The only reason I put this is up is cuz us cell operates on a different frequency for different areas... Now I am not sure if this has much to do with it or not but I know that chicago is a at 1900mhz an in Iowa where I live an most places i travel are at 800mhz.. Its only jus a theory.


----------



## TnMezPhone

outbackpaul said:


> I reboot daily


There should be a sticker with this line on it with every Android phone. Along with a quick reference on how to pull the battery while you're driving. Trash.


----------



## ninjo99

stalls said:


> http://www.repeaterstore.com/support/buyer%20guide/networks/us-cellular-repeater.html
> 
> The only reason I put this is up is cuz us cell operates on a different frequency for different areas... Now I am not sure if this has much to do with it or not but I know that chicago is a at 1900mhz an in Iowa where I live an most places i travel are at 800mhz.. Its only jus a theory.
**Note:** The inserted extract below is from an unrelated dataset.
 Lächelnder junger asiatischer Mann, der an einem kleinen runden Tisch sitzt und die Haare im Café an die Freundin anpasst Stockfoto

I think you might be on to something. I've noticed that there are a few towns around where I live where I always end up roaming (on all mtd builds) even though these are all uscc covered areas and those are all on the 1900 mhz bandwidth and all the others I'm not roaming in are on the 800 mhz bandwidth.


----------



## stalls

Yep same goes for me.. There might be something to it


----------



## ninjo99

Yeah I think it's a kernel based issue since it doesn't happen on bml roms. I wish I knew enough about coding to figure it out myself.


----------



## stalls

you could mention something in the glitch form on xda


----------



## Bigmike

Quick little update: I've previously experienced these roaming issues pretty much only when in Chicago, (either in and out data or the radio commits suicide and get absolutely no service until a retail store does a complete reprogram on my device). All on mtd builds, Odin wouldn't fix it. This past weekend was the only time i haven't experienced ANY issues whatsoever when visiting the area.

Only difference this time was the radio i used, EI20.
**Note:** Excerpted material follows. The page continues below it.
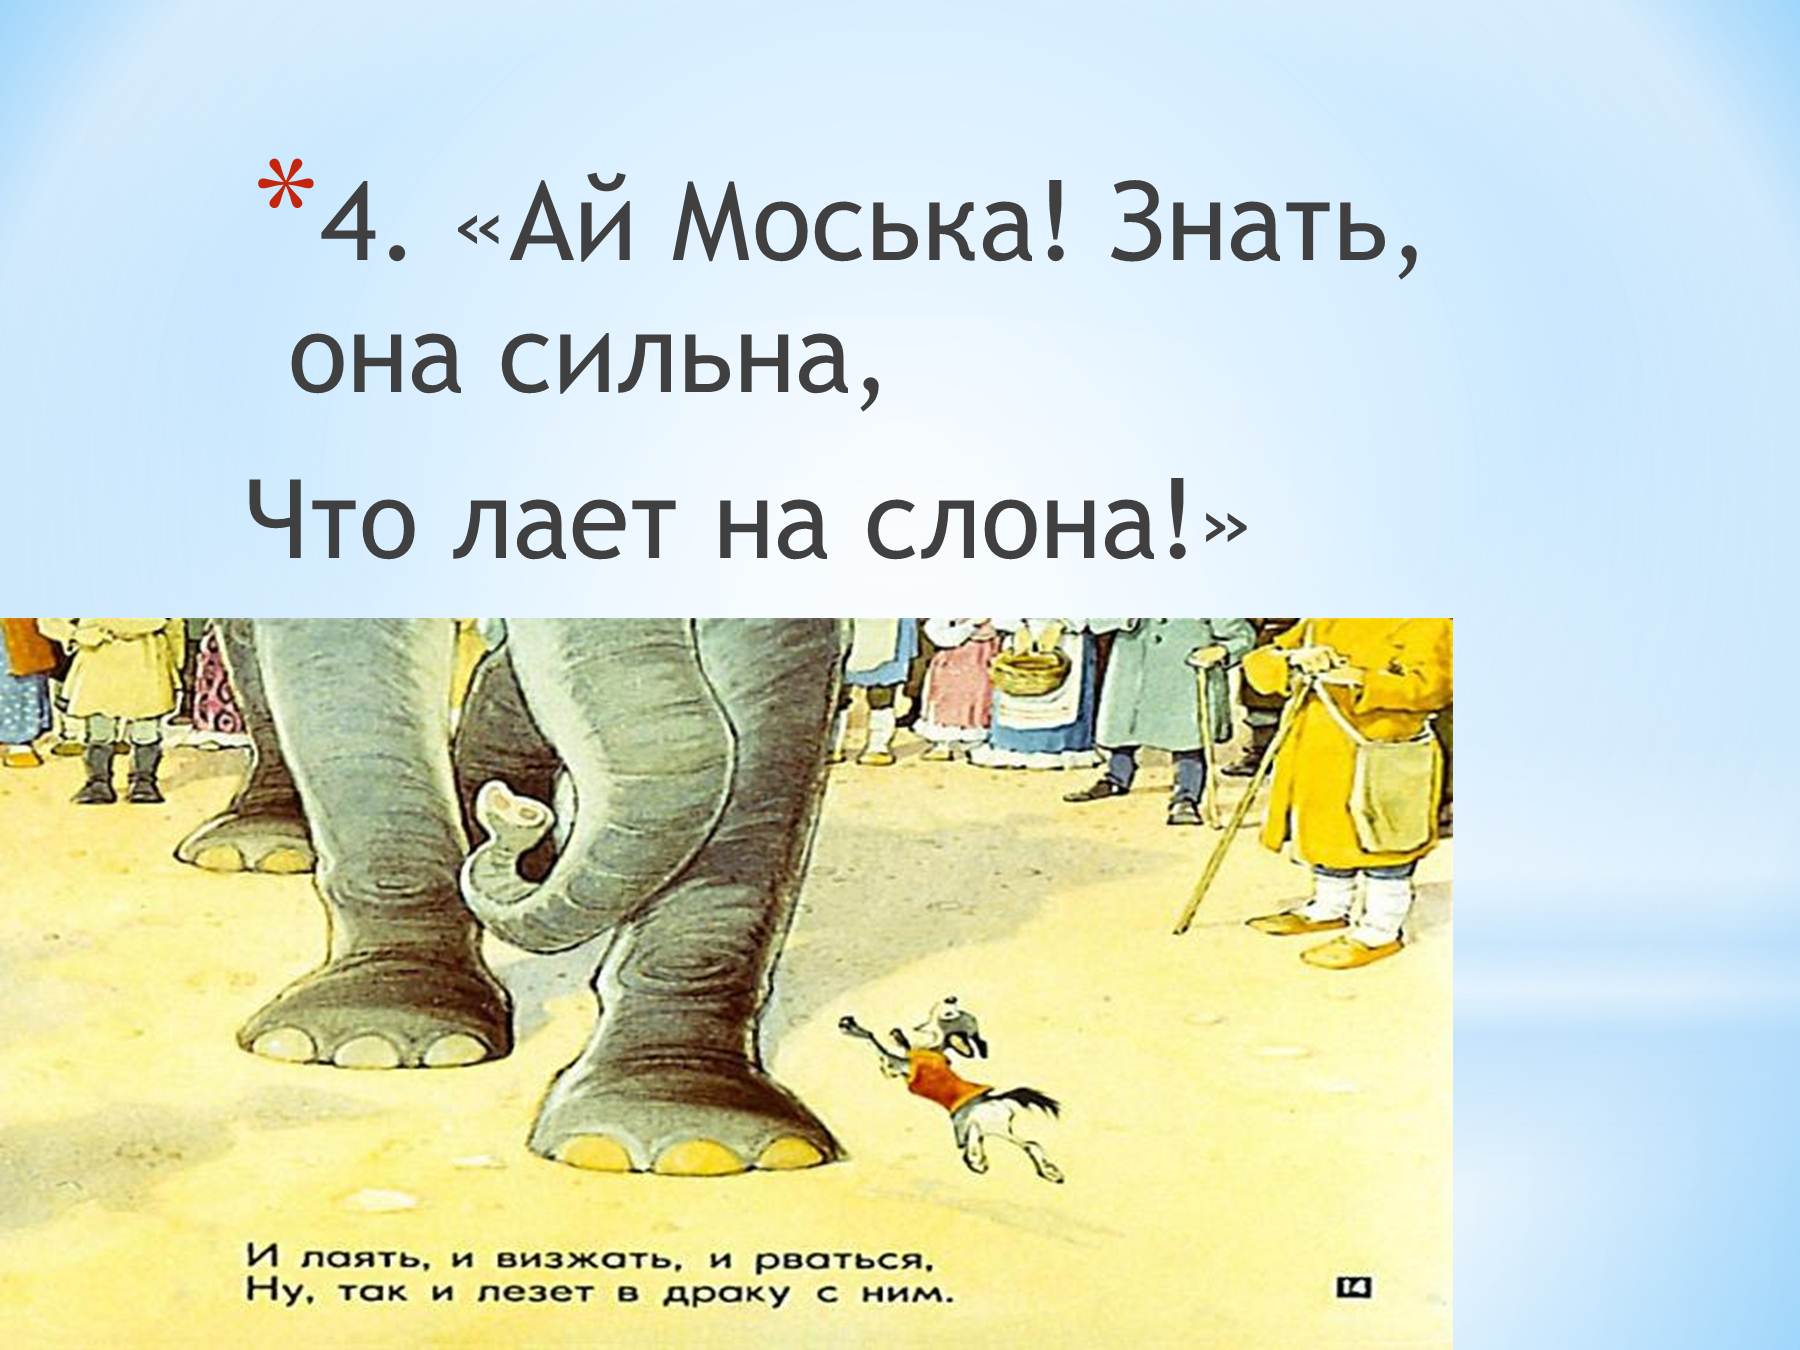 Моська знать она сильна. Моська лает на слона. Знать она сильна коль лает на слона. Рисунок к басне слон и моська. Знать моська сильна.

using the gb radio compatible cm7 build and glitch v13, i also had only the international data roaming box checked in the network settings... no problems. To me, the roaming bug is non existent anymore.

Yay!


----------



## stalls

So the ei20 radio is now compatible with cm7 now and no issues like mms an stuff? If so I'm way excited but always thought it didn't work properly


----------



## durango99

Bigmike said:


> Quick little update: I've previously experienced these roaming issues pretty much only when in Chicago, (either in and out data or the radio commits suicide and get absolutely no service until a retail store does a complete reprogram on my device). All on mtd builds, Odin wouldn't fix it. This past weekend was the only time i haven't experienced ANY issues whatsoever when visiting the area.
> 
> Only difference this time was the radio i used, EI20.
> 
> using the gb radio compatible cm7 build and glitch v13, i also had only the international data roaming box checked in the network settings... no problems. To me, the roaming bug is non existent anymore.
> 
> Yay!


Just to be clear, you are using ei20 radio on a USCC mesmerize phone?

Thanks

Sent from my SCH-I500 using Tapatalk


----------



## WoundTight

durango99 said:


> Just to be clear, you are using ei20 radio on a USCC mesmerize phone?
> 
> Thanks
> 
> Sent from my SCH-I500 using Tapatalk


I was wondering the same thing so tried it both sms and mms are working fine. Mesmerize AS7 ei20 radio.


----------



## stalls

WoundTight said:


> I was wondering the same thing so tried it both sms and mms are working fine. Mesmerize AS7 ei20 radio.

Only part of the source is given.